Monday, November 10, 2014

Growing Pains…

November 10, 2014

As I explained last week, in my attempt to grow tomatoes inside our house this winter, I snipped the tops out of a couple of our tomato plants a few weeks ago and planted them in 5-gallon buckets.  Well, this week I noticed an itty-bitty, teensy-weensy tomato on one of the plants.  That little girl was definitely not on the tomato plant when I planted it.  So, although the plants are looking a little worse for being indoors, I’m considering the appearance of the pencil eraser sized baby tomato a resounding success!

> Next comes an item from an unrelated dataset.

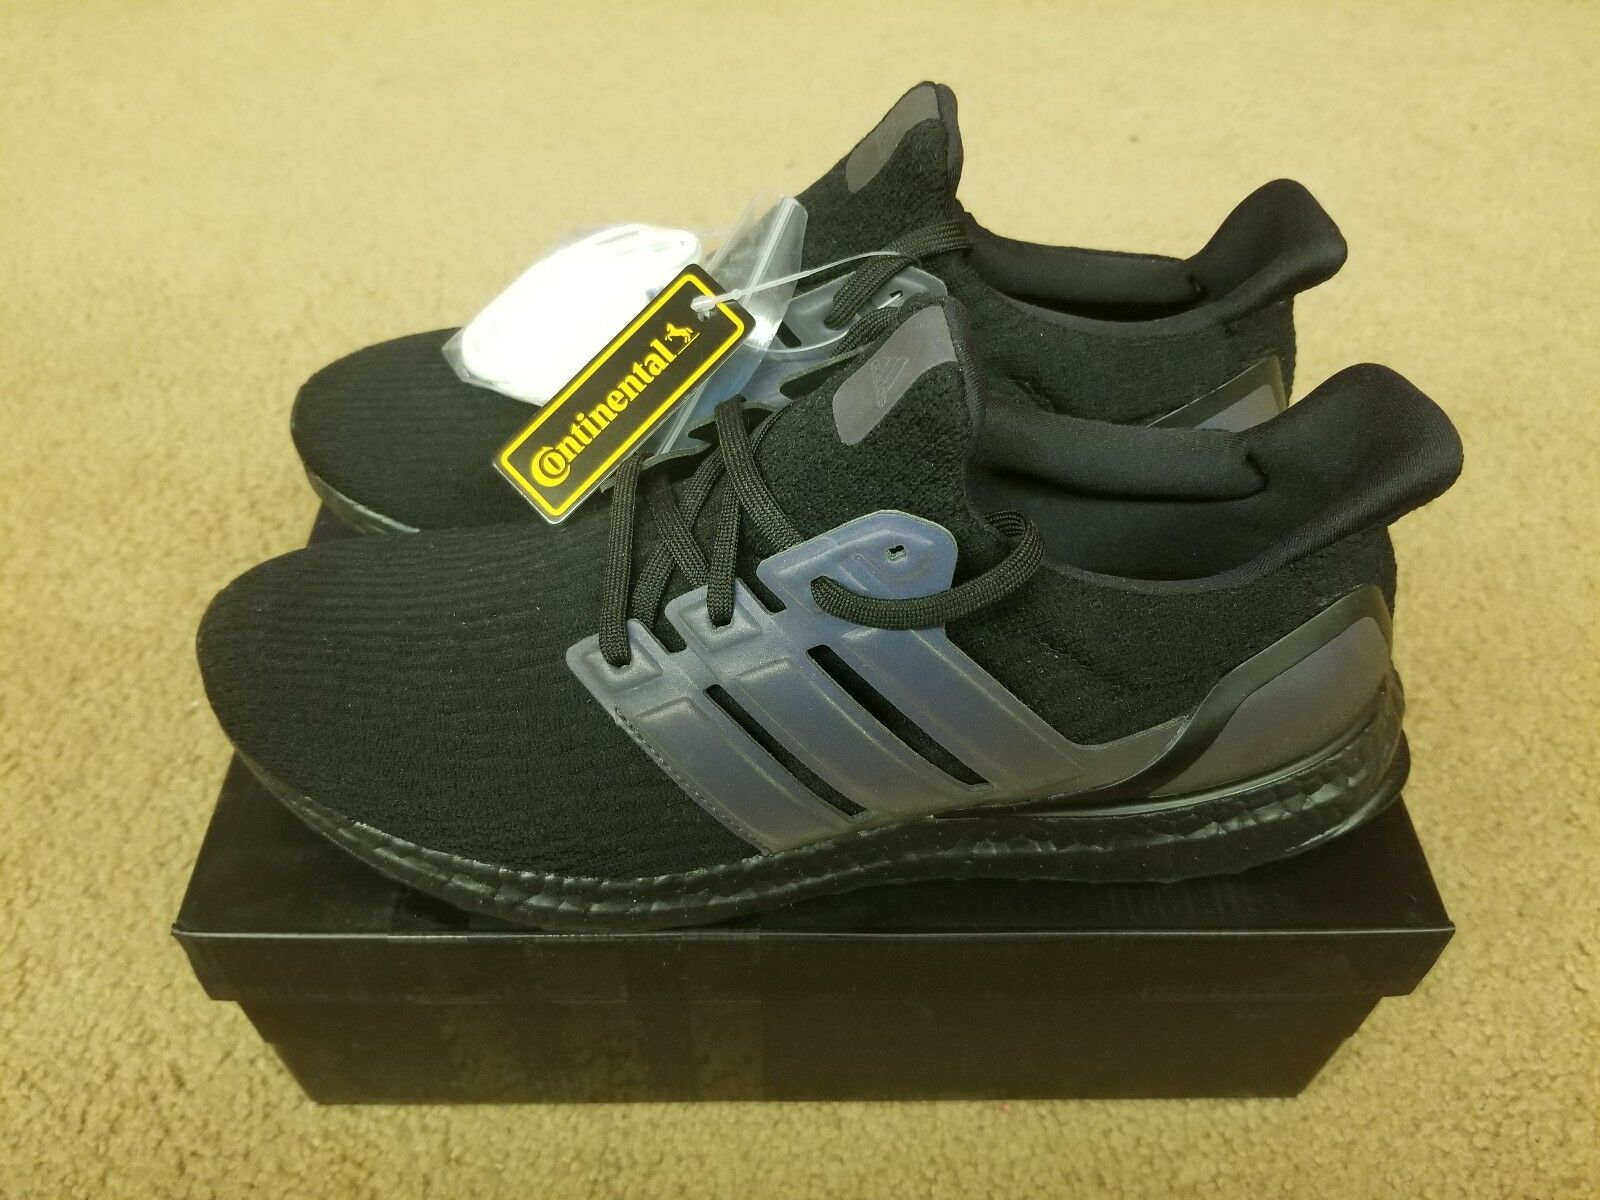 Adidas ultra Boost - Triple Negro - Xeno - Boost tamaño 11,5 - 100% autentico - miAdidas edc8af

I’m so optimistic about the success of the tomato plants that I’ve decided to experiment even further.  (Waaahaaahaaahaaa…I’m thinking that this might be how Dr. Frankenstein got started with his experiments!)  A week or so ago I noticed some volunteer lettuce growing in our garden.  This was the result of our spring crop of lettuce going to seed.  After I had saved some of the lettuce seed for next year’s crop, I just pulled up the remaining plants and laid them down where they had grown.  I did not expect it to produce a thick carpet of lettuce, but that’s exactly what happened.  The plants are only about an inch tall right now. 

I dug up a clump of the lettuce and then replanted it in clear containers that I had saved when I purchased lettuce from the grocery store last winter.  I put these containers under grow lights in Charming’s office (which is rapidly becoming my winter green house).  I’m fairly optimistic about the lettuce and tomatoes.  I’m hoping that growing my own lettuce “in house” (pun intended) will cut down on my fussin’ and cussin’ about the poor quality of the often-wilted-before-you-get-it-home-lettuce that I have to buy from the grocery store during the winter months.  I can envision it now…Charming and I chomping on home-grown lettuce and tomatoes in January as the snow blows outside…Wow, it’s great that I was blessed with a very vivid imagination!

It's a girl!  (Tomato, that is.)

Volunteer lettuce that was growing thickly in our garden.

Transplanted lettuce seedlings under the grow lights in Charming's office.
I will thin them out, if needed, when they get a bit bigger.